**EXERCISE DESCRIPTION:**
Up to and including the line with "Well Fundraiser", output the records exactly as they appear.

### DATASET

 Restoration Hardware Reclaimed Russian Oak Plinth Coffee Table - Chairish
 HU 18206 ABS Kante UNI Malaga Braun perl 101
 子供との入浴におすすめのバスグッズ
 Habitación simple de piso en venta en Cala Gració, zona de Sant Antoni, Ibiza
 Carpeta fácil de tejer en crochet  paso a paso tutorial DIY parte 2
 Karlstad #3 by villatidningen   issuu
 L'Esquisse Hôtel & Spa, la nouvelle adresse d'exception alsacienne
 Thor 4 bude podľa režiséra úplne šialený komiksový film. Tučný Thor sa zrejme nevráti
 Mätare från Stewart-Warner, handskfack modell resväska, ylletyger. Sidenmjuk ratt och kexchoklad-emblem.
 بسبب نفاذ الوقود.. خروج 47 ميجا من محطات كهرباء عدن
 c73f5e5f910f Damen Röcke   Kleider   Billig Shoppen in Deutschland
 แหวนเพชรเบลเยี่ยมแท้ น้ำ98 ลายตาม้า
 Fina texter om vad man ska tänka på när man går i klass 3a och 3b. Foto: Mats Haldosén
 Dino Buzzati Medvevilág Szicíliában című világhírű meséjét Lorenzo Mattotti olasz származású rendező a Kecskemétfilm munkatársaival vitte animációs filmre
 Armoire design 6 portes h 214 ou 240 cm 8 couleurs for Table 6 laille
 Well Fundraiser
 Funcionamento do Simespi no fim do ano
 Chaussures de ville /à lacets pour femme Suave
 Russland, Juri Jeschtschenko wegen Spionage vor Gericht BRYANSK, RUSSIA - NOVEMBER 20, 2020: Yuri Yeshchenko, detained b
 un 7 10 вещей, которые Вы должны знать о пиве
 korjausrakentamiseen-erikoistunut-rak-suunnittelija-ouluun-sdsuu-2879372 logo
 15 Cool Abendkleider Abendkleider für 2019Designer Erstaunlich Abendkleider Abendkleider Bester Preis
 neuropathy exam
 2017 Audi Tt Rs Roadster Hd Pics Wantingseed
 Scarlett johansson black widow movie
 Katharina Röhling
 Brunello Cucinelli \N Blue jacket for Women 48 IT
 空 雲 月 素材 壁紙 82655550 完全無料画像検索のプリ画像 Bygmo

######

**REPLY TO THE TASK:**
 Restoration Hardware Reclaimed Russian Oak Plinth Coffee Table - Chairish
 HU 18206 ABS Kante UNI Malaga Braun perl 101
 子供との入浴におすすめのバスグッズ
 Habitación simple de piso en venta en Cala Gració, zona de Sant Antoni, Ibiza
 Carpeta fácil de tejer en crochet  paso a paso tutorial DIY parte 2
 Karlstad #3 by villatidningen   issuu
 L'Esquisse Hôtel & Spa, la nouvelle adresse d'exception alsacienne
 Thor 4 bude podľa režiséra úplne šialený komiksový film. Tučný Thor sa zrejme nevráti
 Mätare från Stewart-Warner, handskfack modell resväska, ylletyger. Sidenmjuk ratt och kexchoklad-emblem.
 بسبب نفاذ الوقود.. خروج 47 ميجا من محطات كهرباء عدن
 c73f5e5f910f Damen Röcke   Kleider   Billig Shoppen in Deutschland
 แหวนเพชรเบลเยี่ยมแท้ น้ำ98 ลายตาม้า
 Fina texter om vad man ska tänka på när man går i klass 3a och 3b. Foto: Mats Haldosén
 Dino Buzzati Medvevilág Szicíliában című világhírű meséjét Lorenzo Mattotti olasz származású rendező a Kecskemétfilm munkatársaival vitte animációs filmre
 Armoire design 6 portes h 214 ou 240 cm 8 couleurs for Table 6 laille
 Well Fundraiser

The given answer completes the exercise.